Produce a faithful copy of the data, one that leaves out the pictures.

§ PROVIDED MATERIAL
- - -
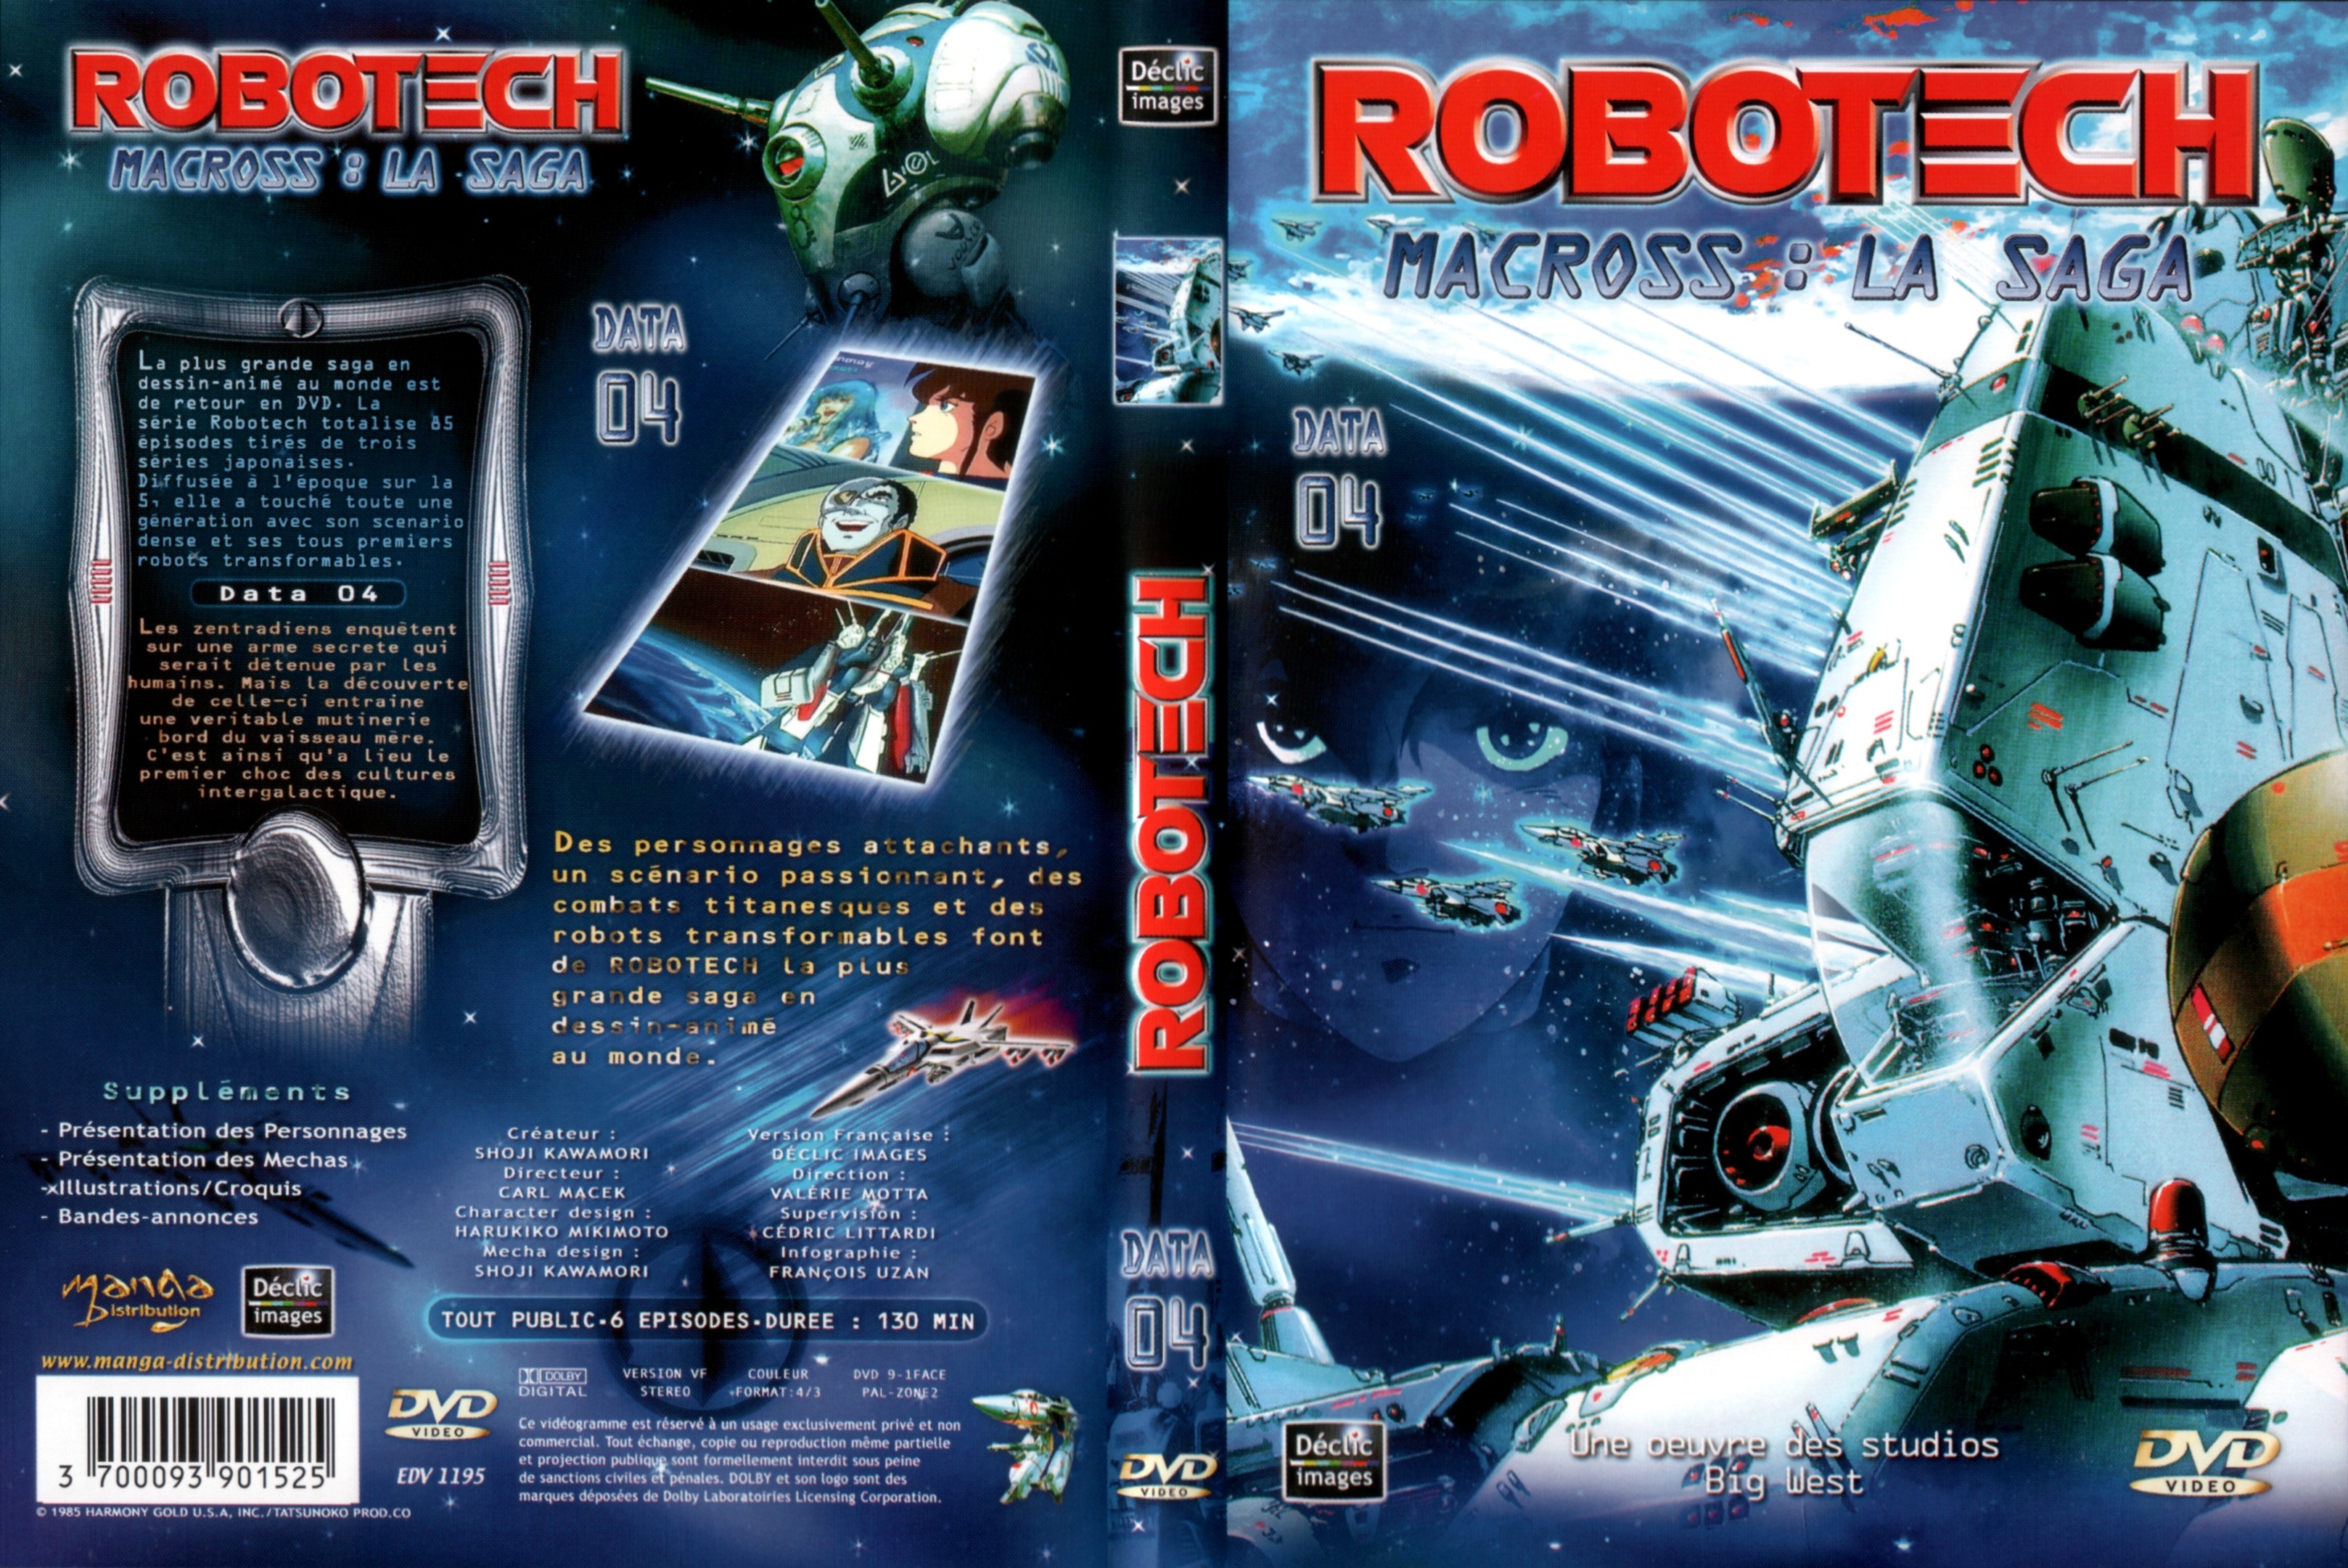 Jaquette DVD Robotech Macross la saga vol 4
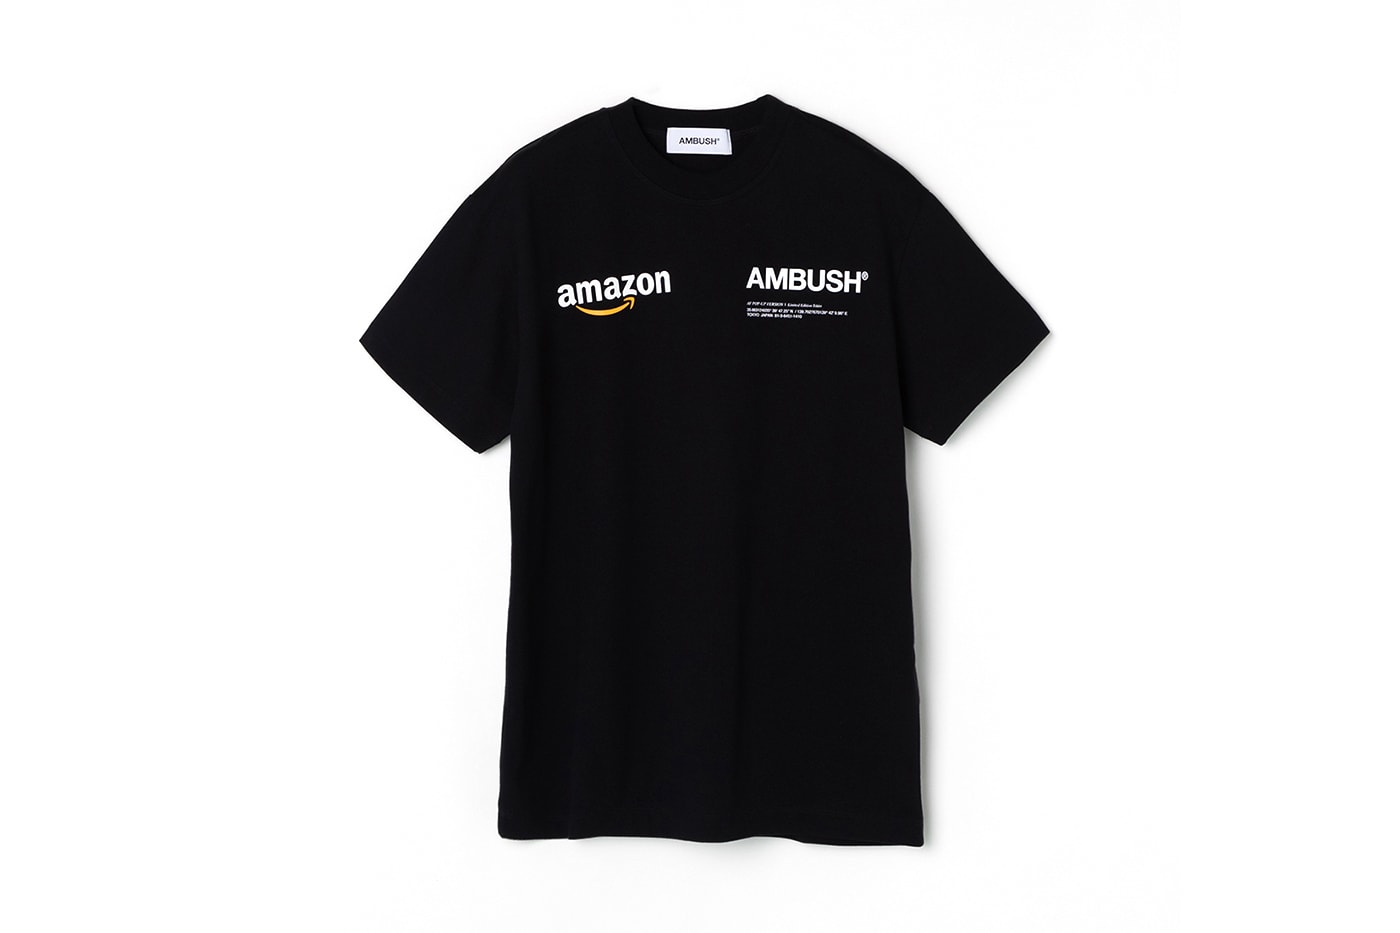 Amazon Fashion AMBUSH® Workshop Tokyo Pop Up Yoon Verbal short long sleeve T shirt Hoodie Alexa
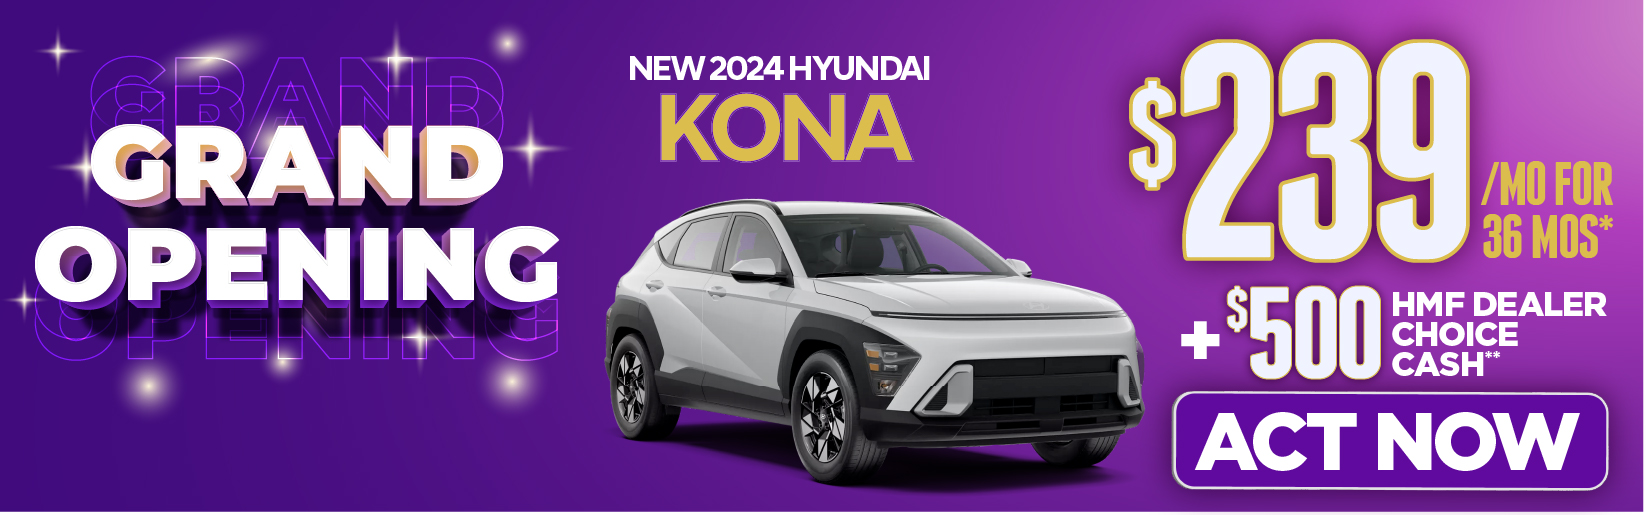 New 2024 Hyundai Kona - $239 per month for 36 months. Plus $500 DMF Dealer Choice Cash - Act Now
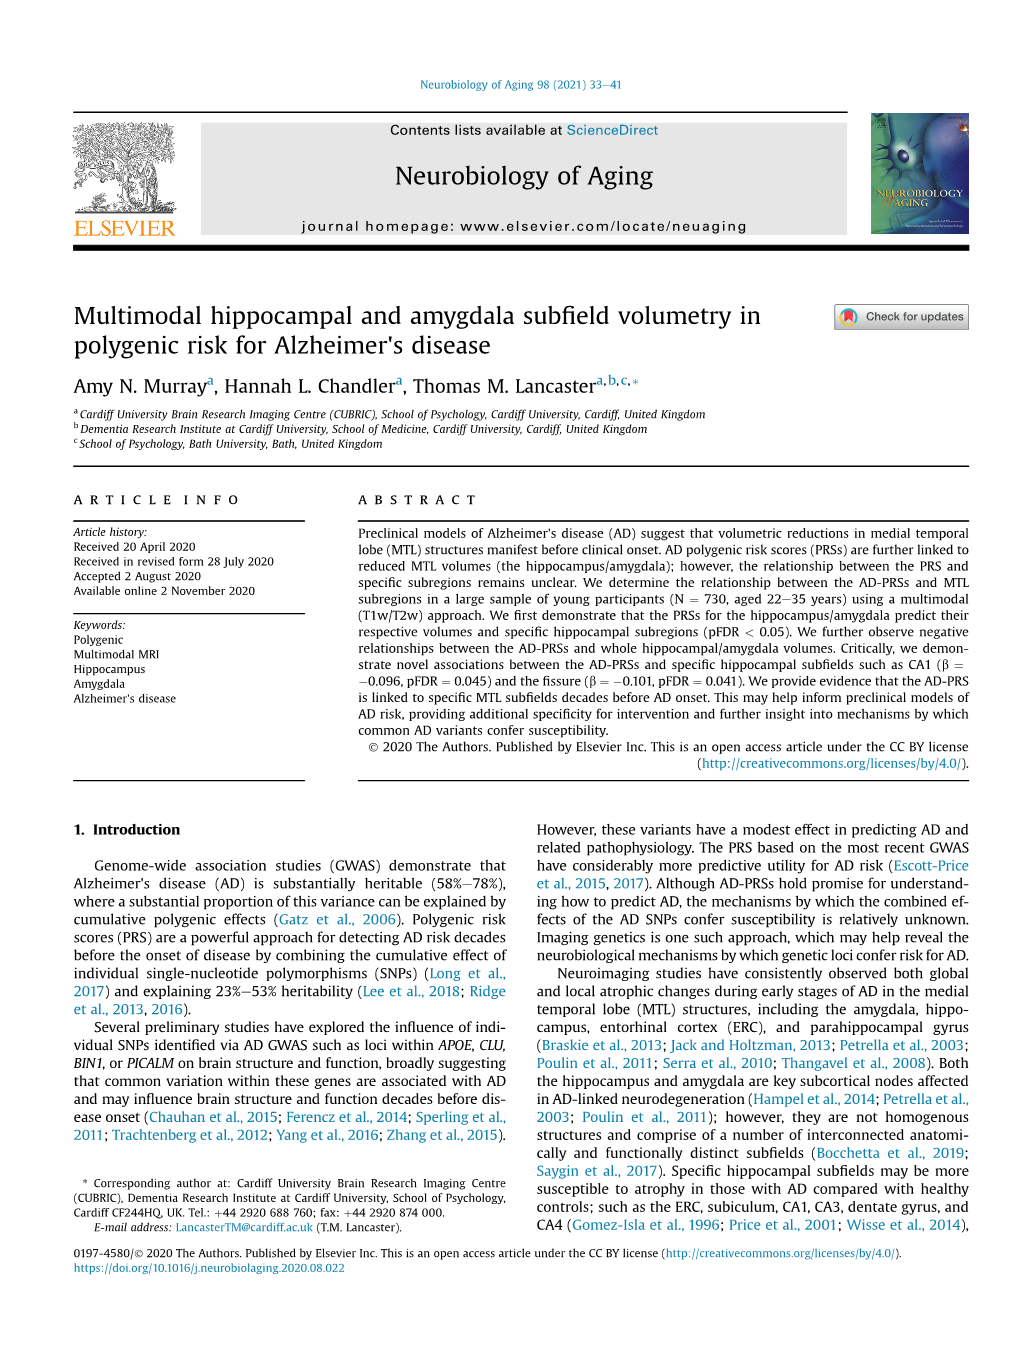 Multimodal Hippocampal and Amygdala Subfield Volumetry in Polygenic Risk for Alzheimer's Disease
- - -
§ RESPONSE BOX
 Jaquette DVD Robotech Macross la saga vol 4
 Amazon Fashion AMBUSH® Workshop Tokyo Pop Up Yoon Verbal short long sleeve T shirt Hoodie Alexa
 New 2024 Hyundai Kona - $239 per month for 36 months. Plus $500 DMF Dealer Choice Cash - Act Now
 Multimodal Hippocampal and Amygdala Subfield Volumetry in Polygenic Risk for Alzheimer's Disease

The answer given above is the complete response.